Hacker News new | past | comments | ask | show | jobs | submit login
Do we really need network automation? (mirceaulinic.net)
22 points by mirceaulinic 66 days ago | hide | past | web | favorite | 8 comments

Back when I lead Network Engineering at Square, we had a global network of production dataceters and offices. Nothing of the scale of Cloudflare, but we still have many hundreds of devices. They had all been built manually with copy and pasted configs. The trouble with this was it made changes very risky and terrifying because there could be subtle inconsistencies between sites, or huge differences. So it was always very challenging to reason about the impact of a given change.

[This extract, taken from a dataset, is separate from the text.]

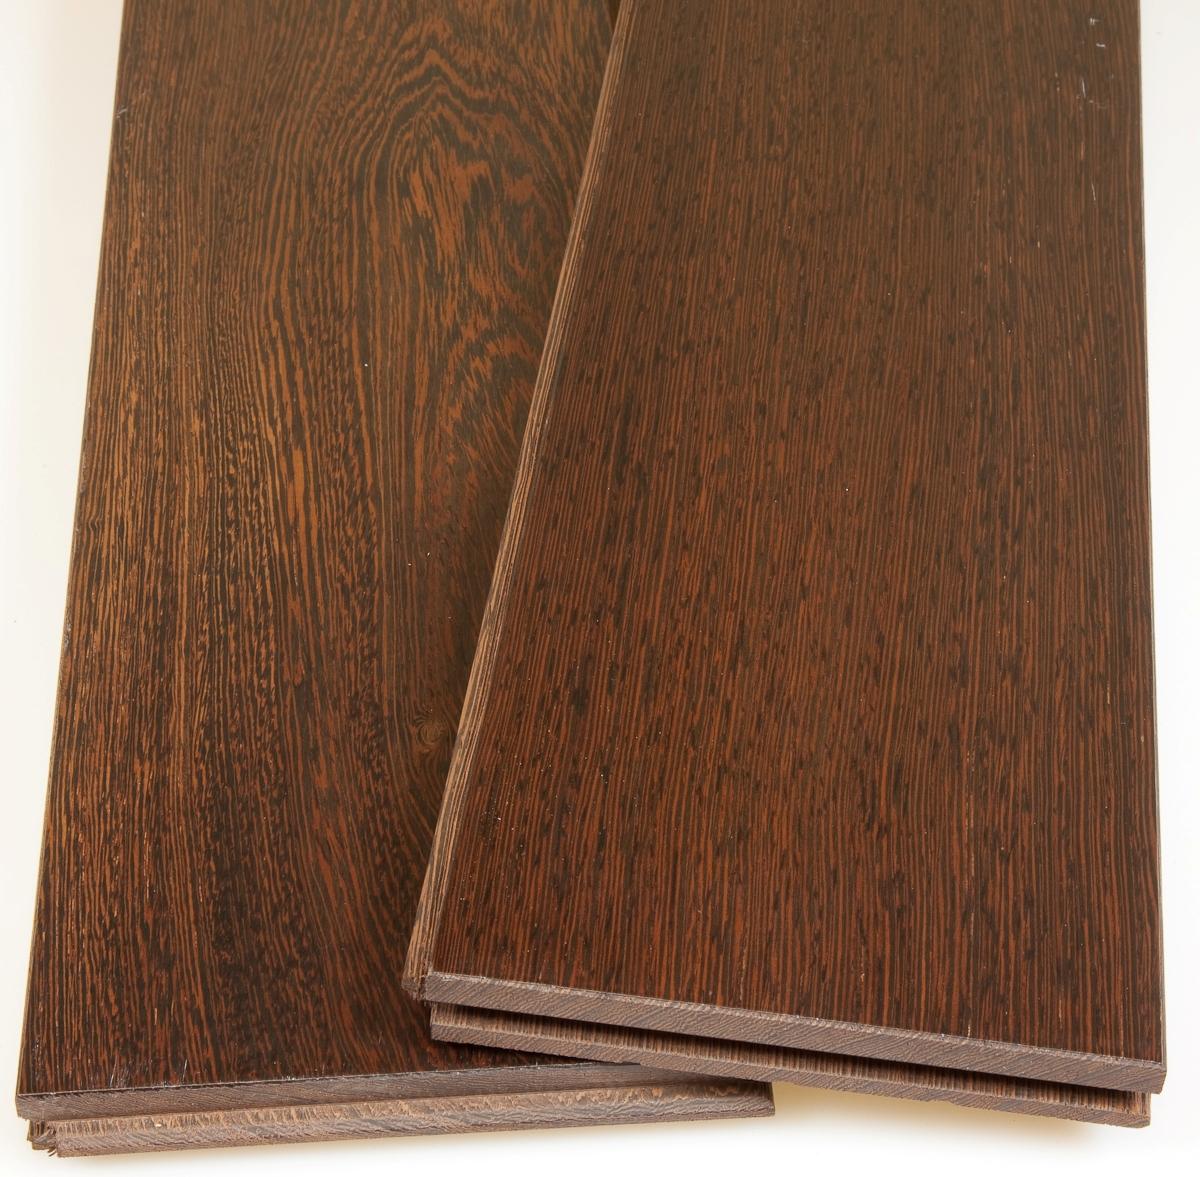 Wenge Exotic Hardwood Flooring Lumber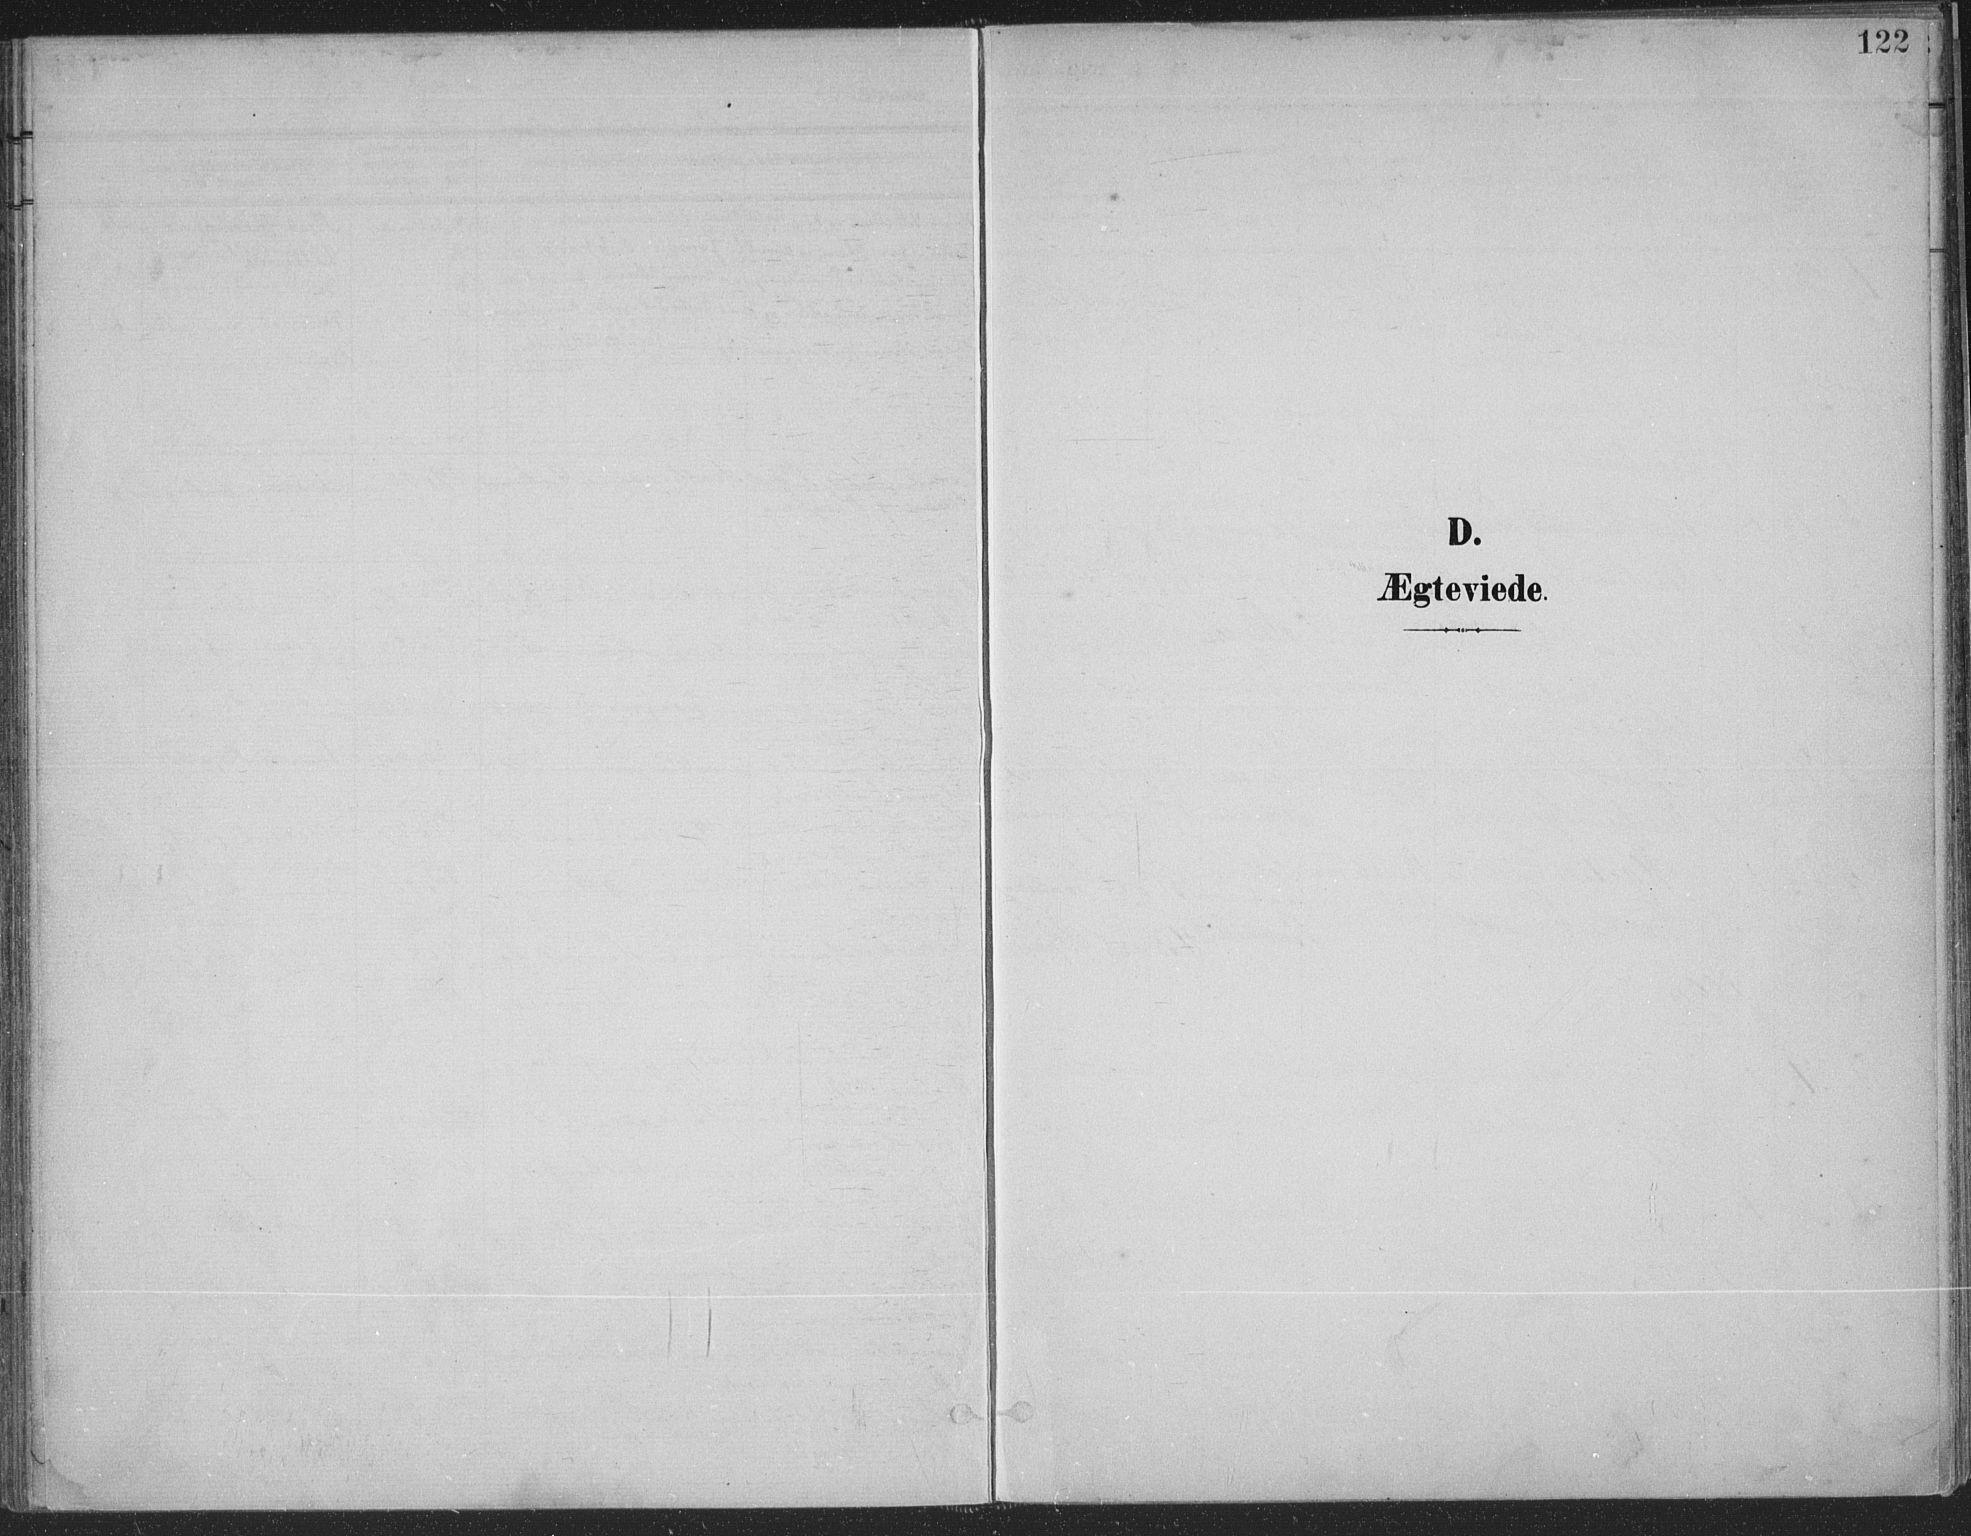 SAH, Østre Gausdal prestekontor, Ministerialbok nr. 4, 1898-1914, s. 122

Thanks to a ton of grit by the team, and the insistence of one engineer in particular we built a config management system and started tracking the total percent of our global network config that was managed by our config management system.

That metric was regularly presented at the VP level to hold us accountable to getting the percentage to 100.

It was months and months of boring work to remove inconsistencies and templatize configs. But in the end, I believe it resulted in a much more reliable and ultimately safer network to operate. I'm also happy that my management chain saw the value in this work.

I'm quite proud of the work the team did.

Some side benefits were that once we started going through audits like SOC2, we had a really good story to tell about how we reviewed and pushed changes to production.

What did you use to automate it? Ansible? Or what. Thanks!

We wrote our own thing because at the time people were not all doing that with Ansible.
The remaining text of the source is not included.